ABOUT THIS EXERCISE:
With the pictures left aside, write out exactly the lines of the listing below from the line with "Mazatlán FC pedirá" to the line with "[迷迷演唱會]高空特技X繪畫X音樂 台日3位藝術家跨界展演 「浪人-Rinon-」", both included, and only those.

INFORMATION PROVIDED:
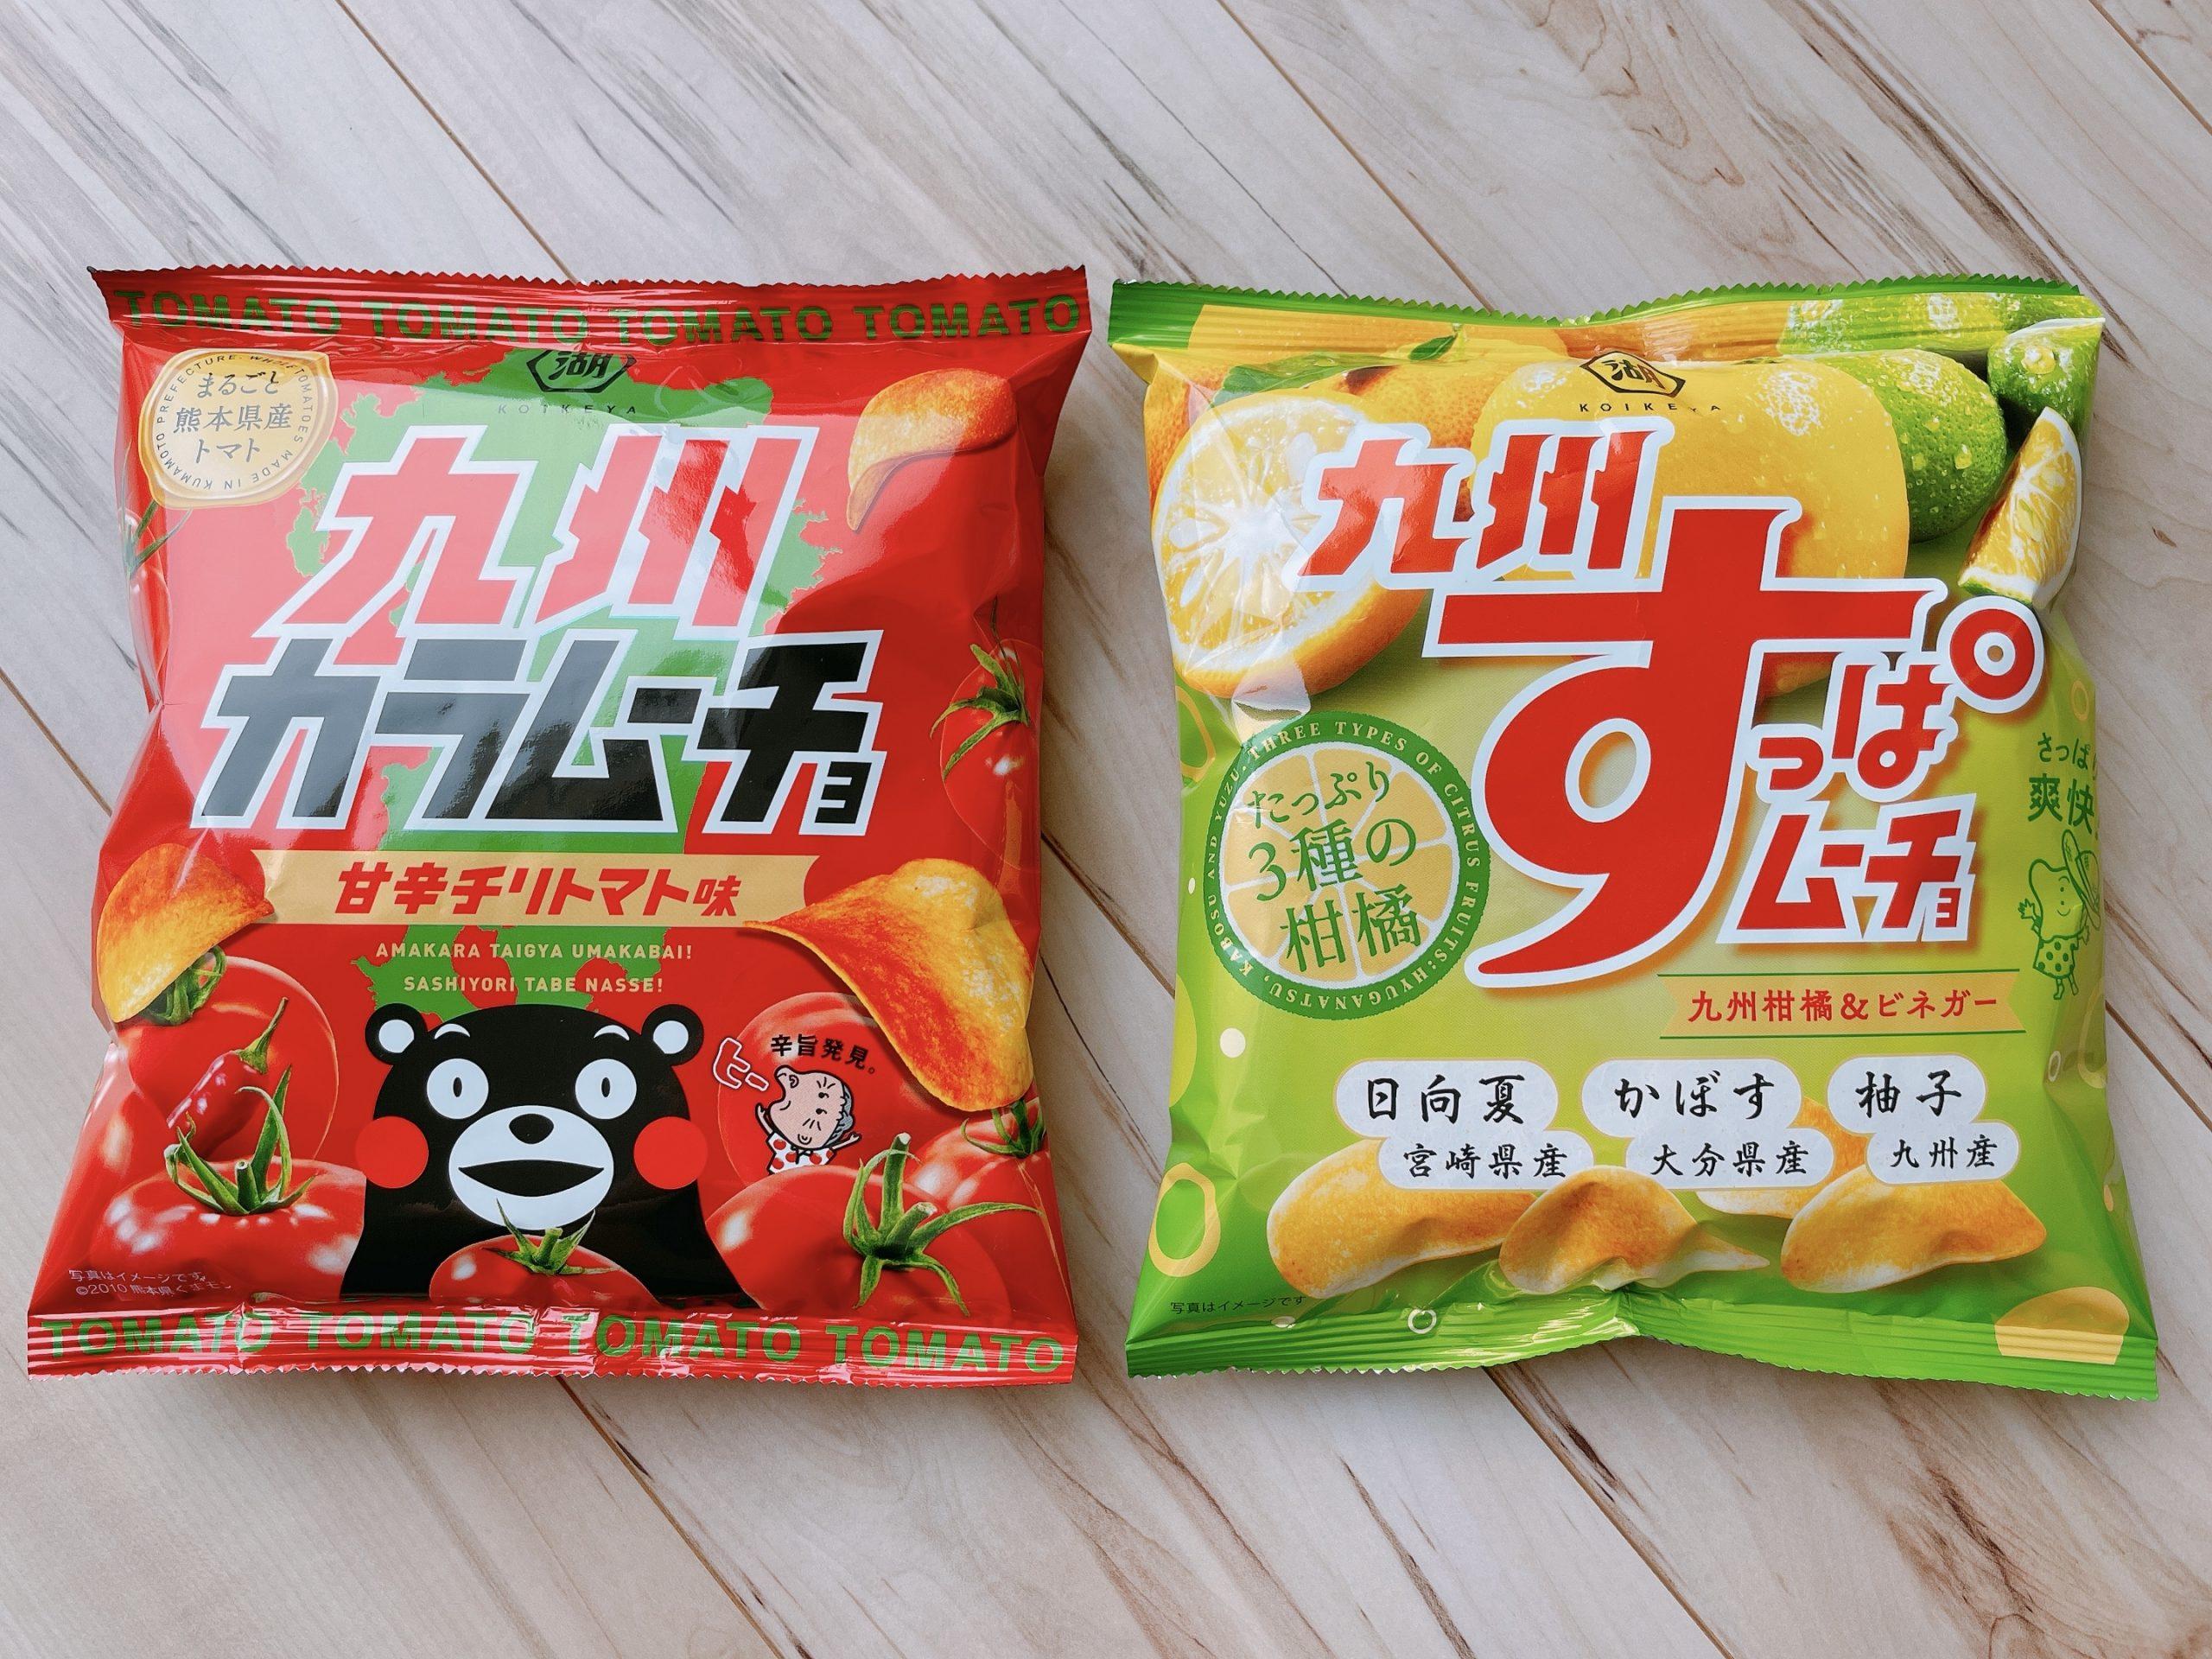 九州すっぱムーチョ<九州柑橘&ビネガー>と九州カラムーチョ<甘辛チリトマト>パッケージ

---

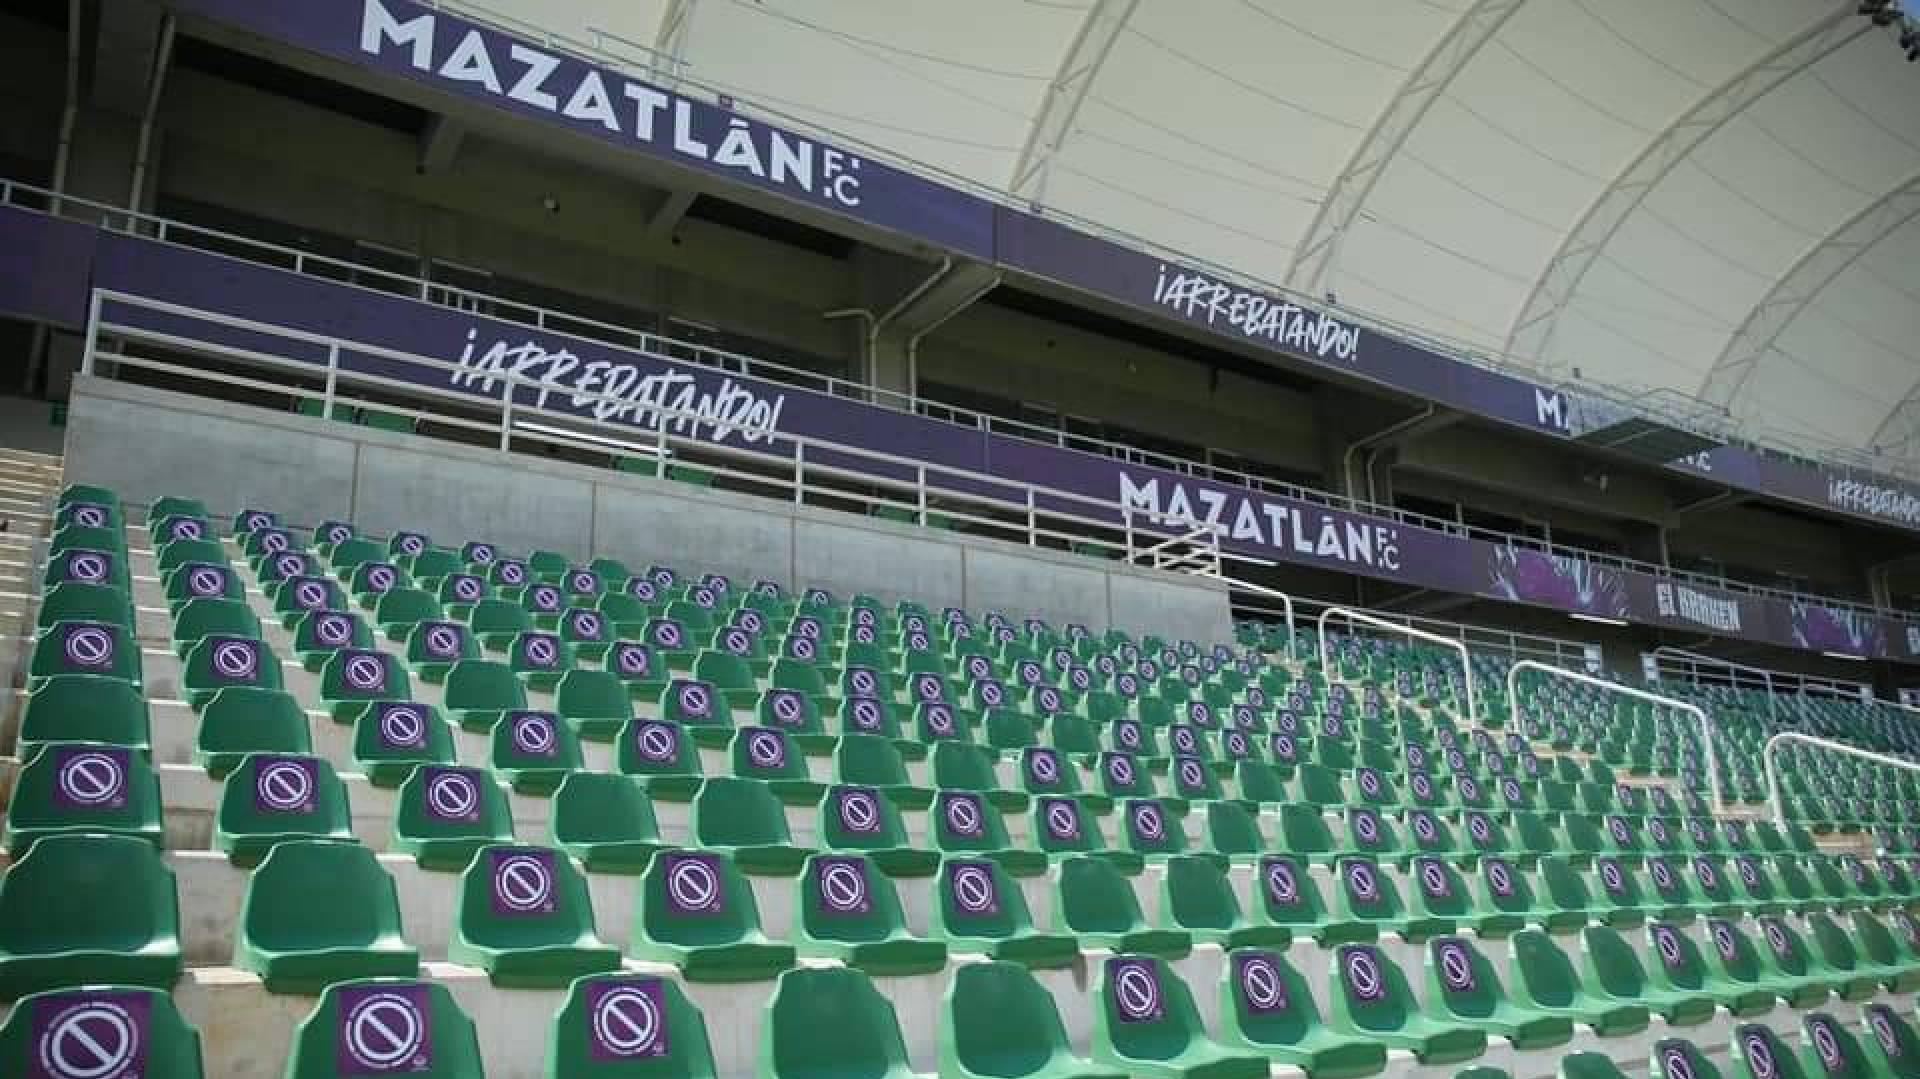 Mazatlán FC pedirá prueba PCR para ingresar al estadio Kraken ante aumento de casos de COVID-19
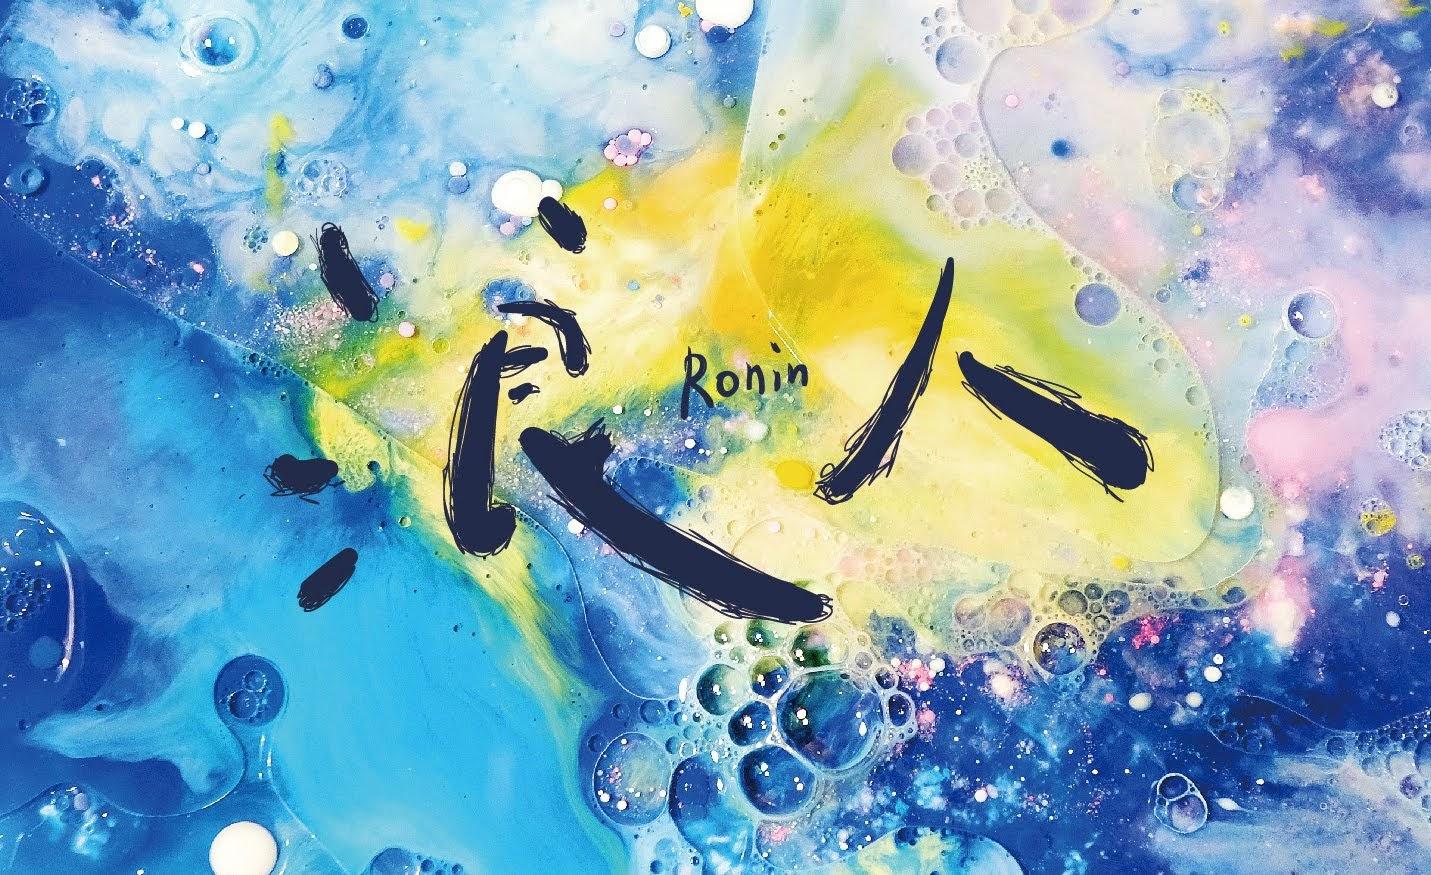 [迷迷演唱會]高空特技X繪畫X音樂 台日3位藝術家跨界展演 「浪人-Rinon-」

* * *

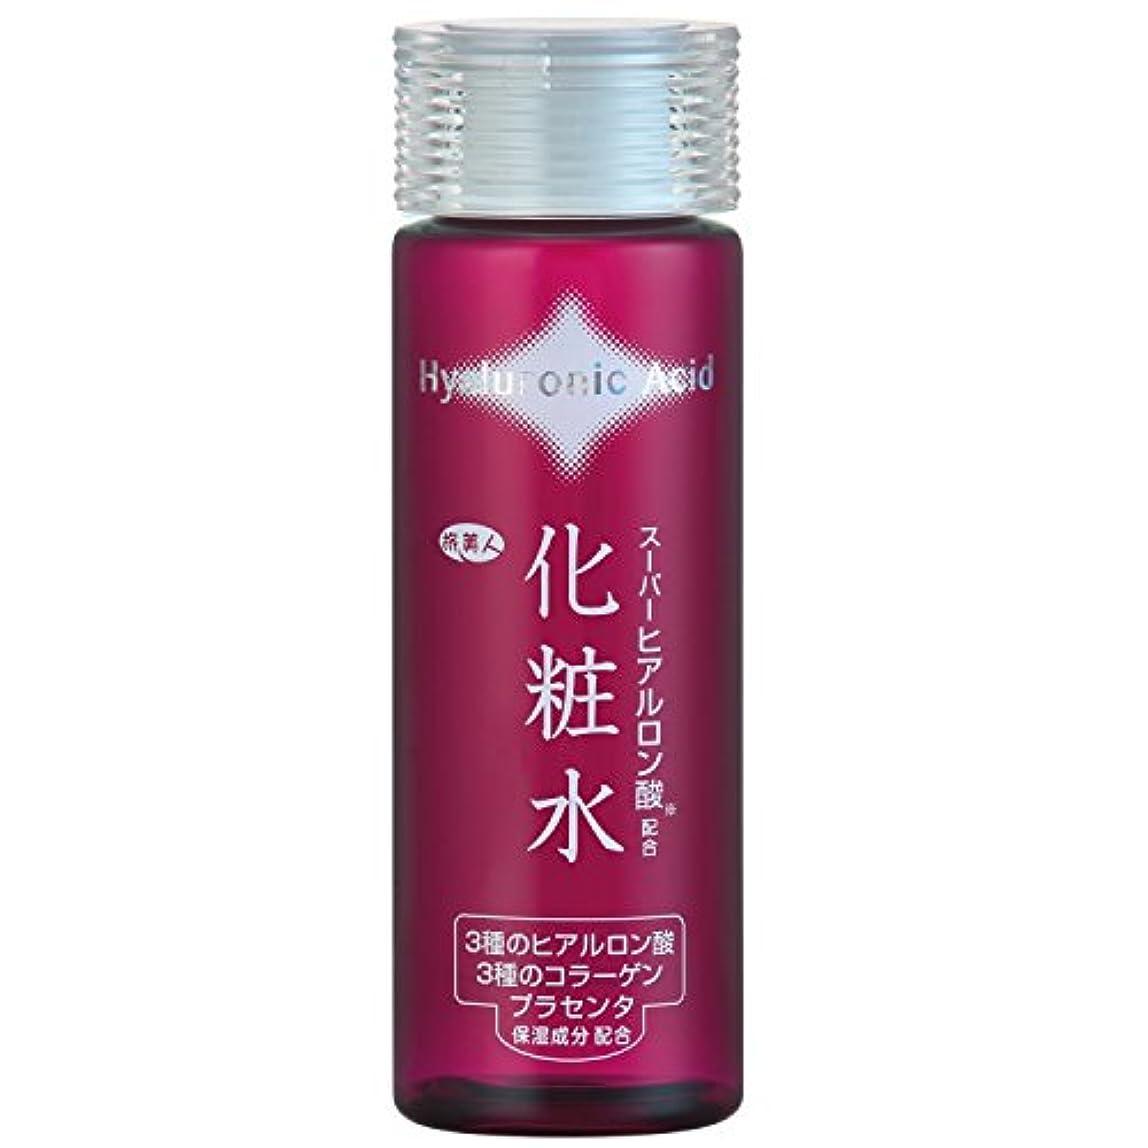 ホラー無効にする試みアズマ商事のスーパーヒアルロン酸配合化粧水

RESULT:
 Mazatlán FC pedirá prueba PCR para ingresar al estadio Kraken ante aumento de casos de COVID-19
 [迷迷演唱會]高空特技X繪畫X音樂 台日3位藝術家跨界展演 「浪人-Rinon-」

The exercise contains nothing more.